§ **What you will do**: The expected output is each line below containing "Dress", copied in full.
========
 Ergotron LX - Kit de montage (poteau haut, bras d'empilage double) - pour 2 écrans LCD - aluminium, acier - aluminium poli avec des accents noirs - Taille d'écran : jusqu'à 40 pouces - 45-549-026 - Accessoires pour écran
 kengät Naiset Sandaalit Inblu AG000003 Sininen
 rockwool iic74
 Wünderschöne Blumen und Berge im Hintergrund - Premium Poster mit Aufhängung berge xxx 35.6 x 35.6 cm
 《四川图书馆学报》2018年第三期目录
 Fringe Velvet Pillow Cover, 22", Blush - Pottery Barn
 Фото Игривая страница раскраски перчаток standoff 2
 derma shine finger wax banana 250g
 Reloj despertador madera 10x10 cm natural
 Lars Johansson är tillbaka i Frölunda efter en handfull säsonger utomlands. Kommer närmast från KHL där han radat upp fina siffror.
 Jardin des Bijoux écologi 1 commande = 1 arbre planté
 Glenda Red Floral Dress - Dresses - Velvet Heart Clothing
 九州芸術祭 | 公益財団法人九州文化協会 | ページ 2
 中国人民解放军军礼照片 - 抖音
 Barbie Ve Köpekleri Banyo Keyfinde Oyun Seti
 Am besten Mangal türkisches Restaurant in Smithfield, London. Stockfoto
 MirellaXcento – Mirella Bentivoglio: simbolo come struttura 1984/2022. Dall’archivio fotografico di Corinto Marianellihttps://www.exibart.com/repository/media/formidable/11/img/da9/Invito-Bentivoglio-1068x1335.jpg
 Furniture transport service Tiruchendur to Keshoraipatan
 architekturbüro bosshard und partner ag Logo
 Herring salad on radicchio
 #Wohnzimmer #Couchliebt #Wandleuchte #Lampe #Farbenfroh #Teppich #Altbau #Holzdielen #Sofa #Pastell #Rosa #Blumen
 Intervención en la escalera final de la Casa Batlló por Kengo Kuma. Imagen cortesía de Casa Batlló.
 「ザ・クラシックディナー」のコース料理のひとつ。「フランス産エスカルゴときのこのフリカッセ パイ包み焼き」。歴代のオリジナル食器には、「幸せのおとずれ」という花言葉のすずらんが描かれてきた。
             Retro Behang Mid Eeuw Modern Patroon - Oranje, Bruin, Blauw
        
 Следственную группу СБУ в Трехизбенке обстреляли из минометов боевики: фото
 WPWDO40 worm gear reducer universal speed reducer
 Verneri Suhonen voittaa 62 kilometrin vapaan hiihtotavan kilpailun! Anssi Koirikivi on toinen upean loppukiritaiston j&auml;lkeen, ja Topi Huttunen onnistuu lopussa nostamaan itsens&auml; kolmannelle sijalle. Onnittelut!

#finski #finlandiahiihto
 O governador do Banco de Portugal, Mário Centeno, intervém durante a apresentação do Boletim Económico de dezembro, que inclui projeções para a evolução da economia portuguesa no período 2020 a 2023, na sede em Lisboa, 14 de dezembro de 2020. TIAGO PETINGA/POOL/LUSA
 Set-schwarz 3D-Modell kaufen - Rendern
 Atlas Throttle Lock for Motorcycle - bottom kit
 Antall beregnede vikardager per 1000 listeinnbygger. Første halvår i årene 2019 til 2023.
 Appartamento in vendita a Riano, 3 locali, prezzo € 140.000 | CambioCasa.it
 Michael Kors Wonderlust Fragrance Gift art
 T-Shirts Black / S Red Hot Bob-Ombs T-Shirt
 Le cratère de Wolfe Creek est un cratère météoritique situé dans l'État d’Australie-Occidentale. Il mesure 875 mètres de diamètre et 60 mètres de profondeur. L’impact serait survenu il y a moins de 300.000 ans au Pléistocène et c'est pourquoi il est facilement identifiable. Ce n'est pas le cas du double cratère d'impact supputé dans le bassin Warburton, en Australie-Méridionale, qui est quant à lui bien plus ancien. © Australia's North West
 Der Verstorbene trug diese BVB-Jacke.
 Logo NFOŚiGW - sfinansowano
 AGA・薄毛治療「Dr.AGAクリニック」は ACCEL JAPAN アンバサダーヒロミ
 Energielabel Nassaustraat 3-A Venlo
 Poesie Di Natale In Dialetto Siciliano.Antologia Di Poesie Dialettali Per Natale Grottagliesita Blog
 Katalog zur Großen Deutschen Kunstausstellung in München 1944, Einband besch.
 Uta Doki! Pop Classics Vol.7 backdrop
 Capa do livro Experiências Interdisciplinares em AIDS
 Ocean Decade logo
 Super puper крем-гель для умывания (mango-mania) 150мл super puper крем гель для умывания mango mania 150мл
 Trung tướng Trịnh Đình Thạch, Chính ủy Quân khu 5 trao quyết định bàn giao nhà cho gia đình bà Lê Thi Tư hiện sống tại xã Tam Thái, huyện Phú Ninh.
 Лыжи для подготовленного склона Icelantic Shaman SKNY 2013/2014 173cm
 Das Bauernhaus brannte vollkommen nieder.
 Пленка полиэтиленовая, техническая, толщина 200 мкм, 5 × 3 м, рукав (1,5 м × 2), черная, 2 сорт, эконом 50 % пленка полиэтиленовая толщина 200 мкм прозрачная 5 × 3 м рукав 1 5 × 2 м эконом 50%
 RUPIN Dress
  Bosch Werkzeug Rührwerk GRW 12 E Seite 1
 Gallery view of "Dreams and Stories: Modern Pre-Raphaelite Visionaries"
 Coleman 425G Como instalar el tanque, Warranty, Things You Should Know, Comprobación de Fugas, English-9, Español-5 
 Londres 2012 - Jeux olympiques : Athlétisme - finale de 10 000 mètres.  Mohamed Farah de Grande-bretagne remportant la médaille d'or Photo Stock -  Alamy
========
§ **Solution below**:
 Glenda Red Floral Dress - Dresses - Velvet Heart Clothing
 RUPIN Dress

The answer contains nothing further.